What You Need to Know to Raise Your Credit Score by 100+ Points

A good credit score is a powerful tool that can open doors to financial opportunities, such as lower interest rates on loans, credit cards with better rewards, and greater financial security. But how do people achieve and maintain good credit?

I can personally relate to the challenge of maintaining good credit. When I was 18 years old, I received several credit card offers. I opened a couple of credit cards with the intention of managing them correctly. After about a year, I quickly realized I had no idea what I was doing, and it took several years to repair the damage. Unfortunately, my experience is not unique.

Since repairing my credit, I have incorporated some habits that have helped me to maintain a good credit score for almost a decade. Here are 10 habits that people with good credit practice often:

 

1. Pay Bills on Time

Whether it is a credit card payment, a loan installment or even a utility bill, people with good credit understand the importance of making timely payments. Late payments not only can have a significant negative impact on your credit score, but they can stay on your credit report for years.

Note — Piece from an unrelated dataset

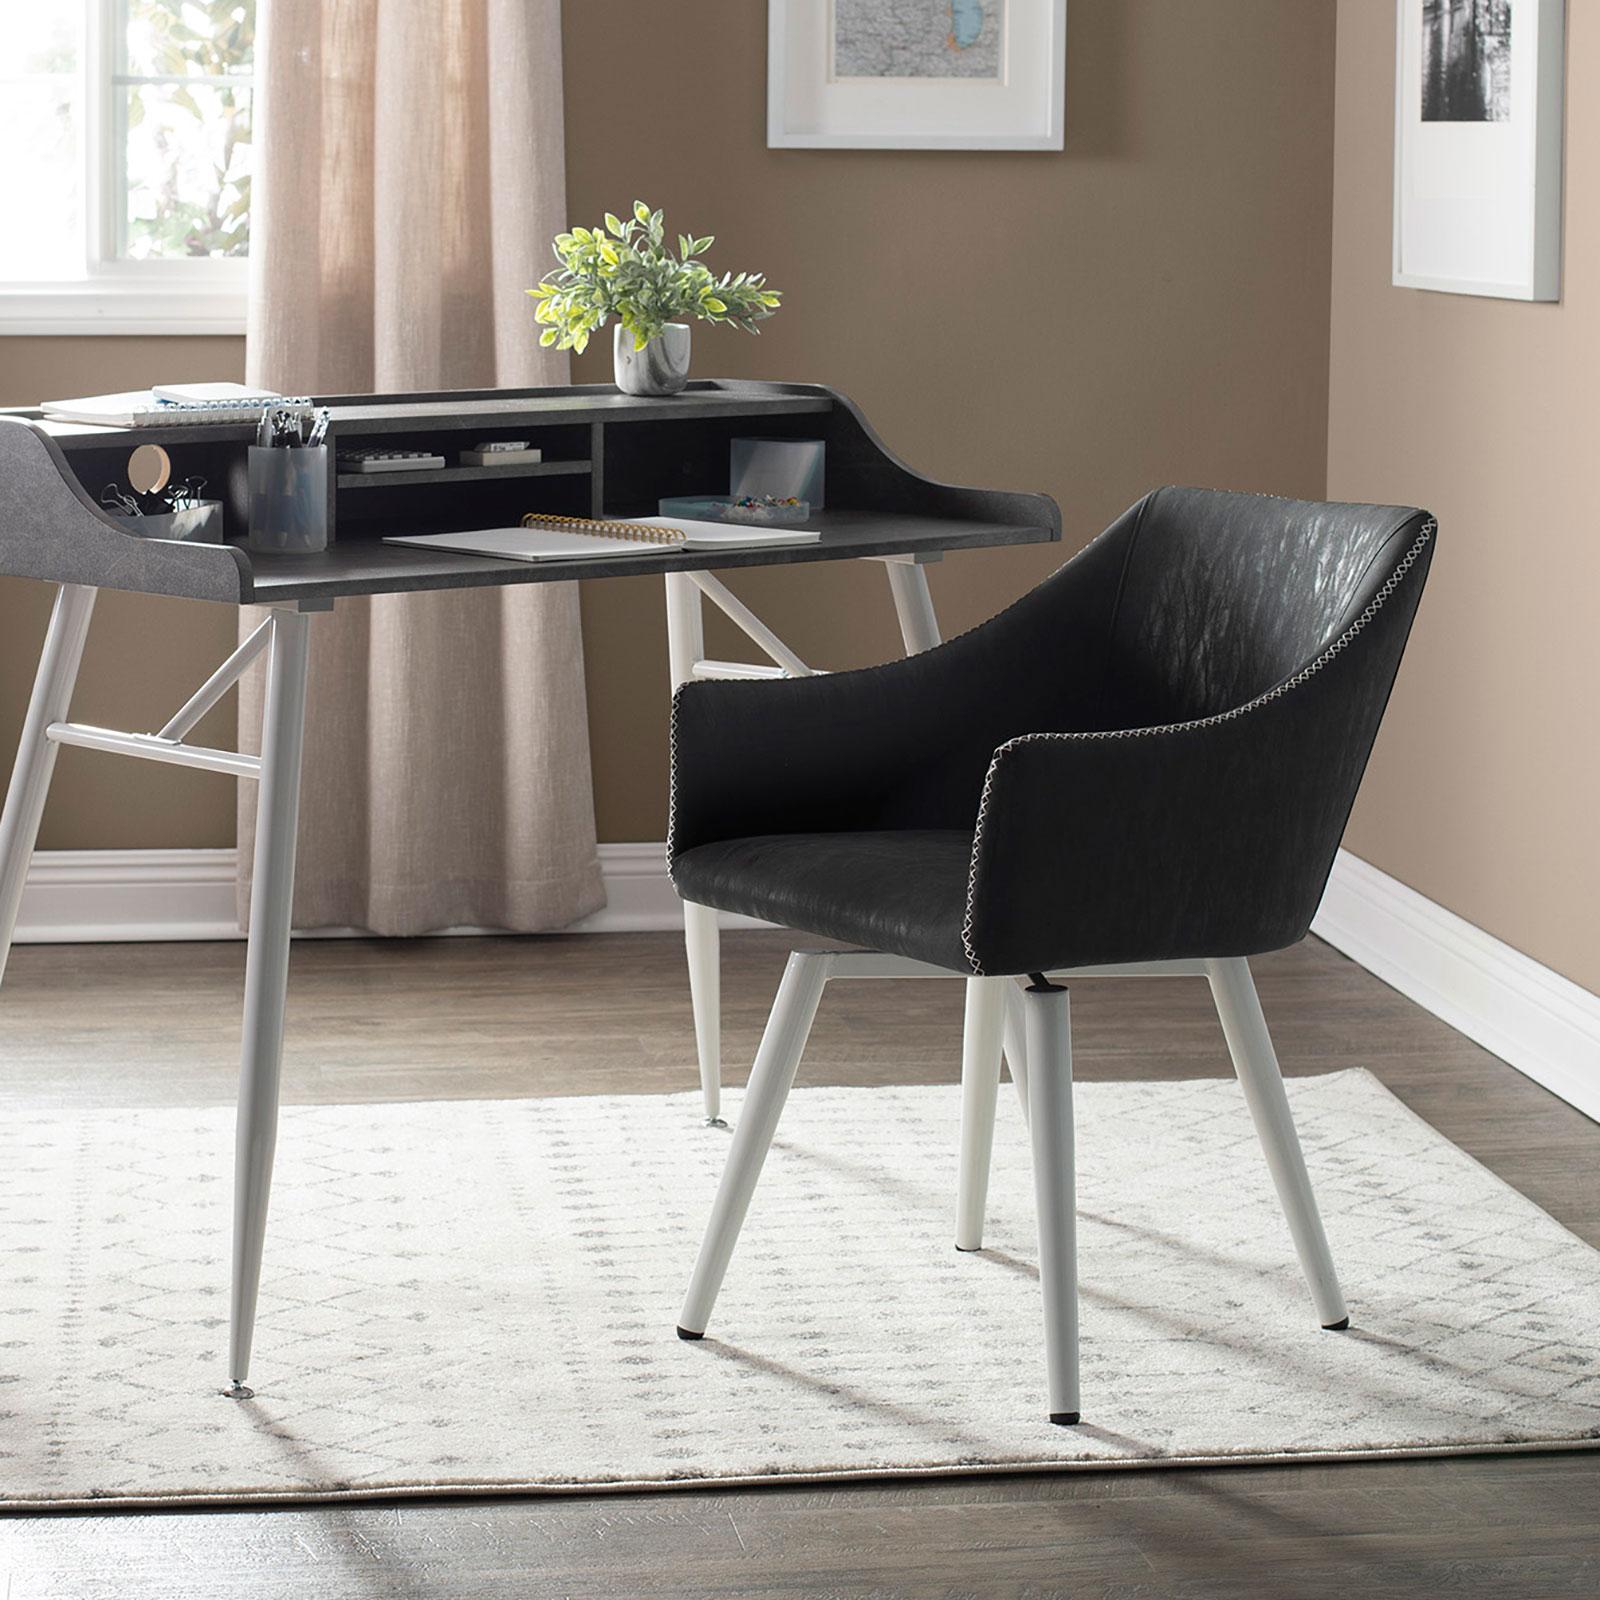 52004-Sydney-Office-Chair-RS1a
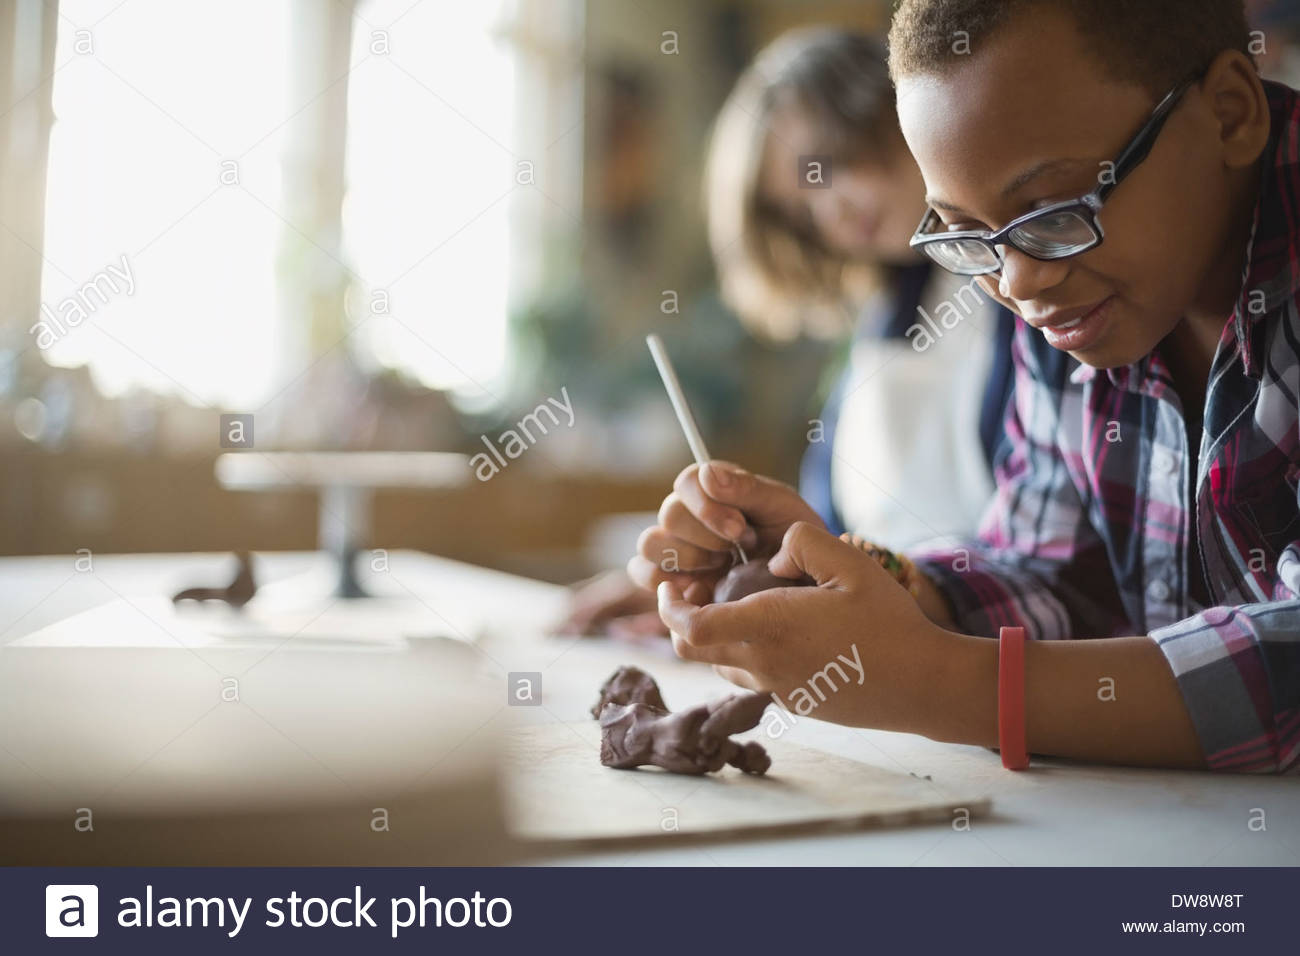 Ragazzo creazione di statuine di argilla in classe d'arte Immagini Stock

Tip: Set up automatic payments for recurring bills to avoid forgetting about payments and incurring late fees.

 

2. Keep Balances Low

People with good credit are always mindful of their credit card balances and keep it well below their credit limit. Typically, they aim to keep their credit utilization ratio below 30%. When only a portion of their available credit is used this demonstrates to lenders that they are managing their credit responsibly without overextending themselves.

Tip: Aim to pay your credit card balances off in full each month to maintain a low utilization ratio. This also allows the avoidance of interest.

 

3. Live Within Your Means and Use your Credit Responsibly

People with good credit are also mindful of how they use credit. They avoid impulse purchases on credit and only charge what they can afford to pay off in full when the bill arrives. Using credit responsibly helps avoid debt accumulation. This shows lenders that they can manage debt properly.

Tip: Try the “48-hour rule” for large purchases – wait 48 hours before deciding if you truly need it. Also consider how you will be able to pay the bill when it arrives. This helps avoid impulse buying that could negatively impact your credit.

 

4. Reconcile Finances and Budget Regularly

People with a good credit score review their finances to ensure their budget accounts for timely credit card payments. When they review their finances, they prioritize paying their credit card balances on time. They set aside funds in their budget specifically for credit card payments and track spending to stay under 30% of available credit. Regular reviews also help prevent overspending and ensure they remain in control of their finances.

Tip: Set aside a dedicated time each week or month for a “finance check-in.” During this time, review your spending, track your expenses, update your budget, and ensure you’re on track with your financial goals. You can use tools like spreadsheets or budgeting apps to make this process easier.

 

 

5. Monitor Credit Report Regularly

They understand that keeping track of their credit report is vital to staying on top of their credit health. They check for inaccurate information, fraudulent activities, or accounts they may have forgotten about. Monitoring credit can help to catch issues early, giving them time to address them before they negatively impact their finances.

Tip: Use services that provide free access to your credit report or sign up for credit monitoring.

 

6. Limit Credit Inquiries

When applying for new credit, it triggers a hard inquiry into a credit report. Applying for too many credit accounts in a short period of time can negatively impact a credit score. People with good credit only apply for new credit when necessary and after carefully considering the impact on their credit.

Tip: If you need to apply for new credit, try to do it within a short period (e.g., 30 days) to minimize the impact on your credit score. In FICO’s credit scores, hard inquiries related to mortgage, auto loan and student loan applications are entirely ignored 30 days from the date of the inquiry. If you settle on a loan during that 30-day period, your scores will not be affected by inquiries. FICO may record multiple inquiries for the same type of loan as a single inquiry if they’re made within a certain window, which is typically about 14 days. 

 

7. Pay more That the Minimum Payment

Paying the minimum payment only helps to avoid late fees. Often people with good credit make extra payments on credit cards or loans to pay down their balances faster. Paying more than the minimum balance reduces debt and interest paid and helps maintain a strong credit score.

Tip: Aim to pay off your credit card balance in full each month to avoid interest. If that’s not possible, try to pay as much as you can above the minimum payment.

 

Today, I’m proud of the progress I’ve made, and I continue to use the strategies that helped me rebuild my credit. It wasn’t an overnight process, but with patience and consistency, I’ve been able to achieve a strong credit score and the financial freedom that comes with it.